GOMC your fireplace makes such a great display area! The placement and balance makes everything look wonderful. Your pictures last year started me collecting the small to medium blow molds. The first one I bought was the pumpkin and wheat one and he is still my favorite. Also had to add some Biestle reproductions. My husband says this forum gets me in trouble and his pockets empty.


----------



## Forhekset (Oct 23, 2014)

pondobaba said:


> I have my vintage in my kitchen.
> View attachment 322377


Did you frame some cardboard decorations? That little nook in the background is perfect for displaying stuff.



amuck amuck said:


> My husband says this forum gets me in trouble and his pockets empty.

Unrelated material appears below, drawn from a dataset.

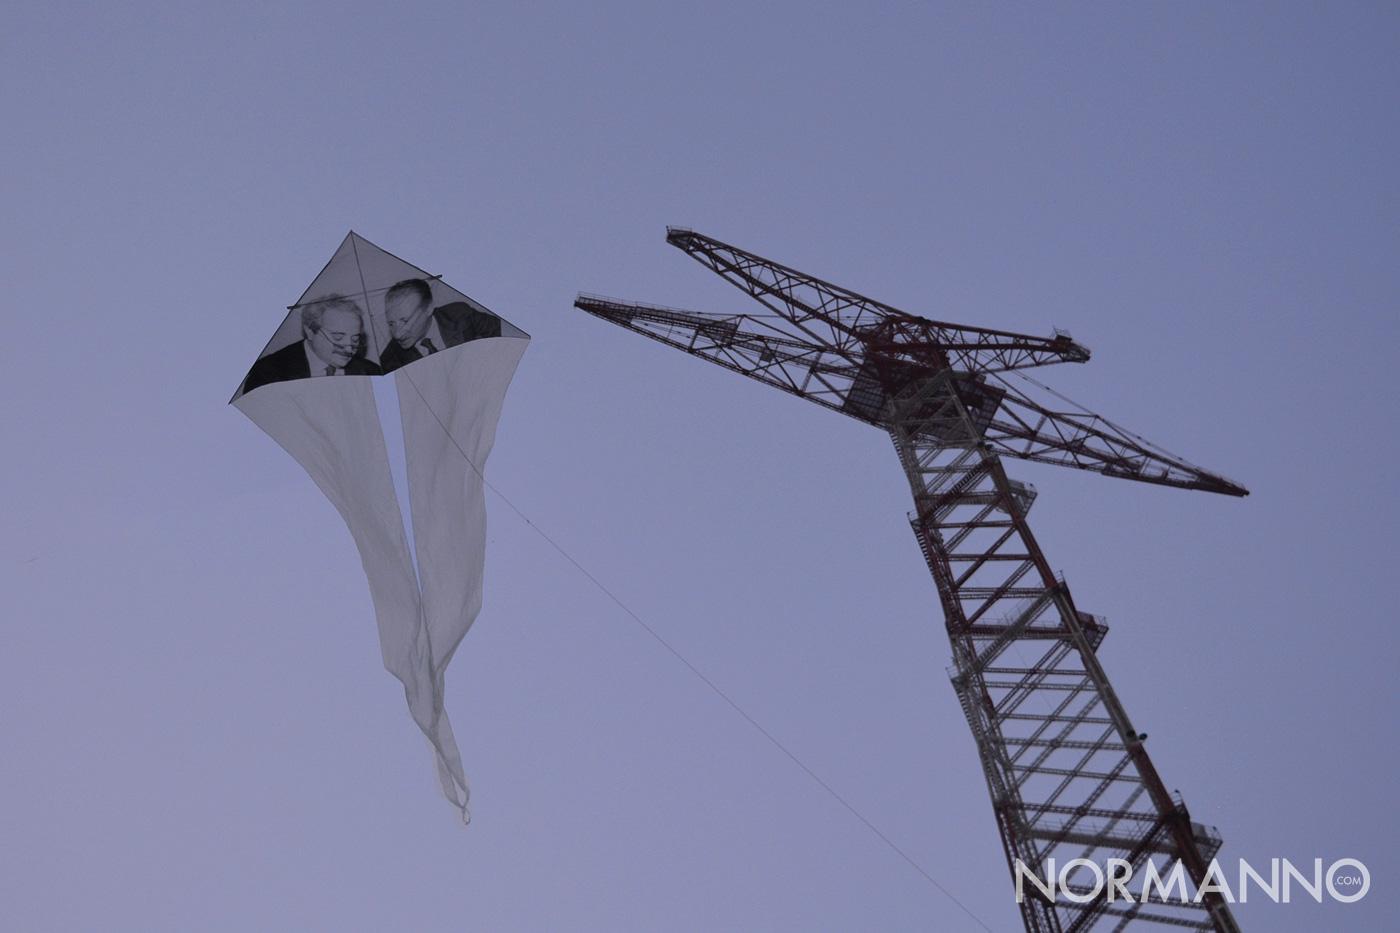 Foto dell'aquilone dedicato a Falcone e Borsellino sotto il Pilone al Festival degli Aquiloni 2019 - Capo Peloro
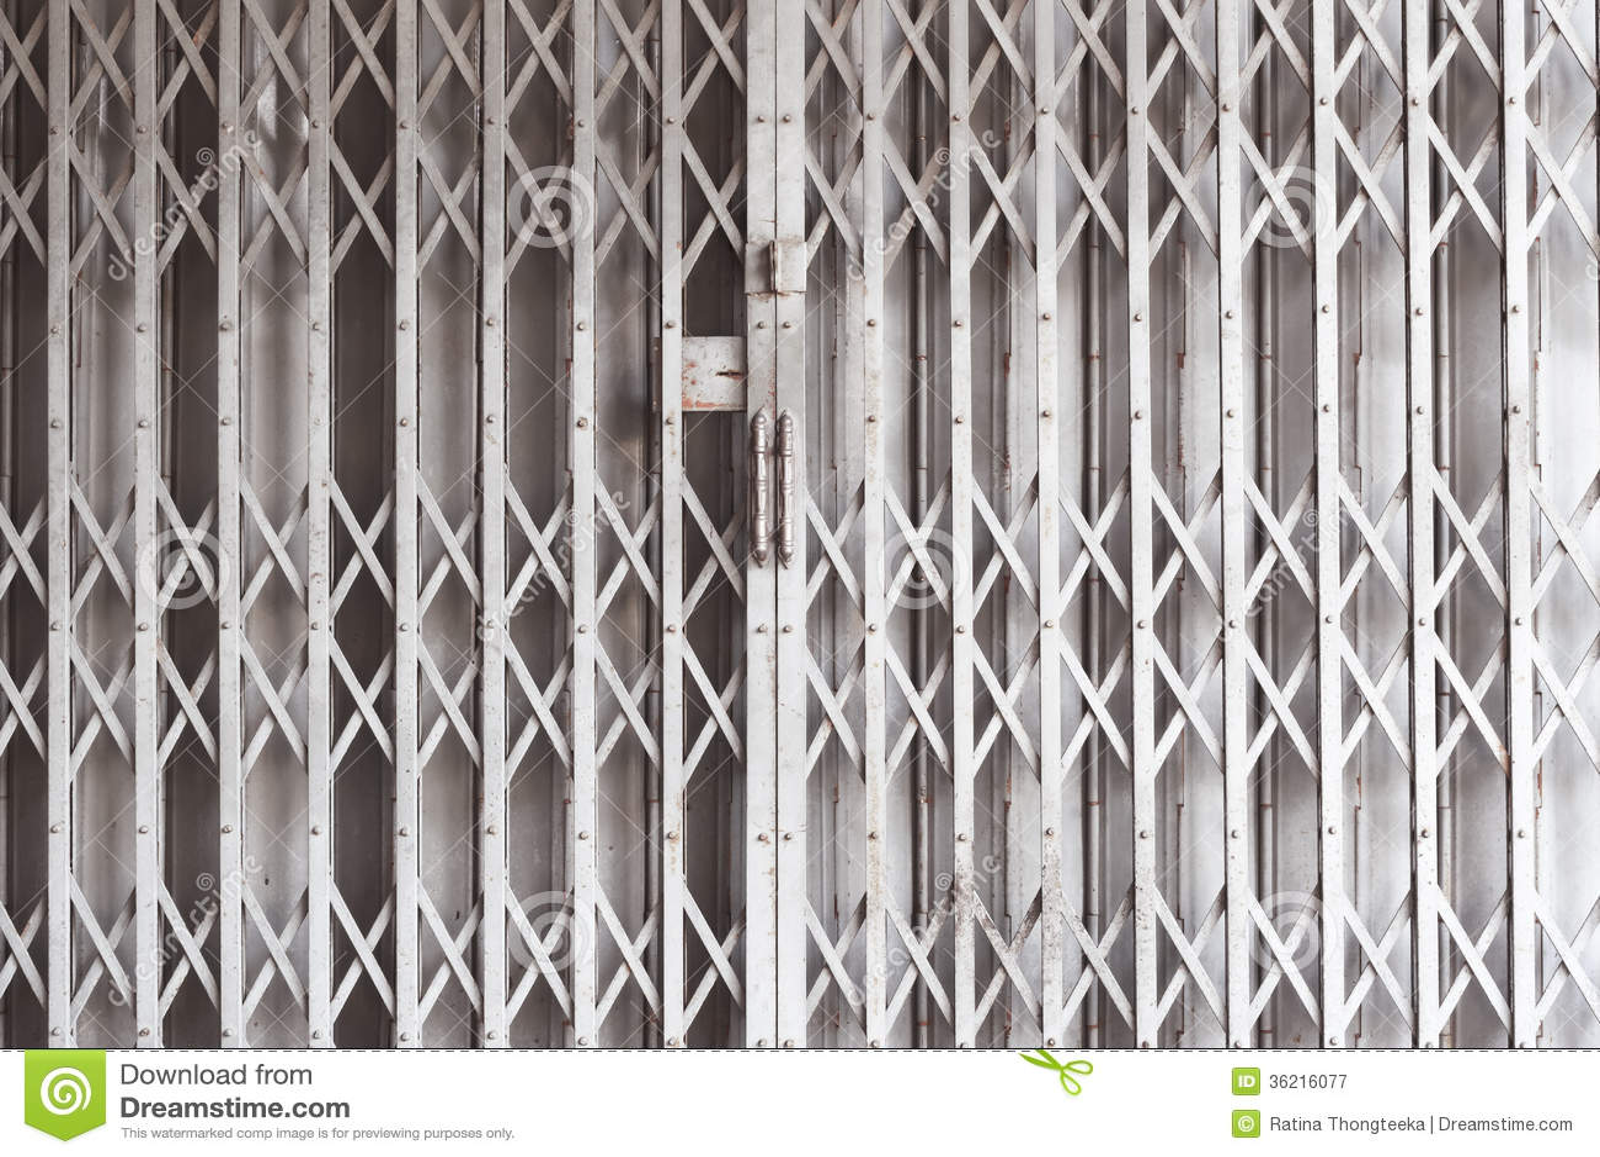 Door Metal, Shutters Shop

Agreed, we're all a bunch of enablers here.


----------



## AstorReinhardt (Sep 6, 2016)

Forhekset said:


> I saw two blow molds on your blog there - the cat head, and the jack o' lantern next to him. I'm definitely no expert on vintage Halloween stuff, but I'm sure someone here will be able to help you identify it.
> 
> The thing about the cardboard decorations, and blow molds as well, is that you can still buy a lot of this stuff brand-new, made from the original molds or designs. For instance I just bought this guy below brand-new, and you can also get new reproductions of classic Beistle cardboard decorations from http://www.vintagebeistle.com/.
> 
> View attachment 322337


The cat isn't a blow mold, he's ceramic...which is why I wonder so much. Ceramic can be any age, and with no date or name on him...I have no idea if he is old. The only clue I have is the spring where his neck should be...means he was part of something. The spring also has some old glue on it...so maybe he is old from the glue they used...it's very yellowed but it's still stuck on there fairly well. Everything is pointing towards old but...I don't want to count my chickens before they hatch.


----------



## AstorReinhardt (Sep 6, 2016)

RCIAG said:


> I'm not as big an expert as Gris but I can tell you from my little bit of experience that the repro blow molds will have thicker plastic & be a brighter, deeper color of orange or white or whatever. The true vintage ones I have are a thinner plastic & faded from use.
> 
> I bought a couple last year somewhere that were repros of ones I already have & that was the case, they were thicker, sturdier plastic & a deeper orange.
> 
> They also just feel different, probably from the plastic that's used. If you put a true vintage blow mold & a repro side by side you can really tell the difference.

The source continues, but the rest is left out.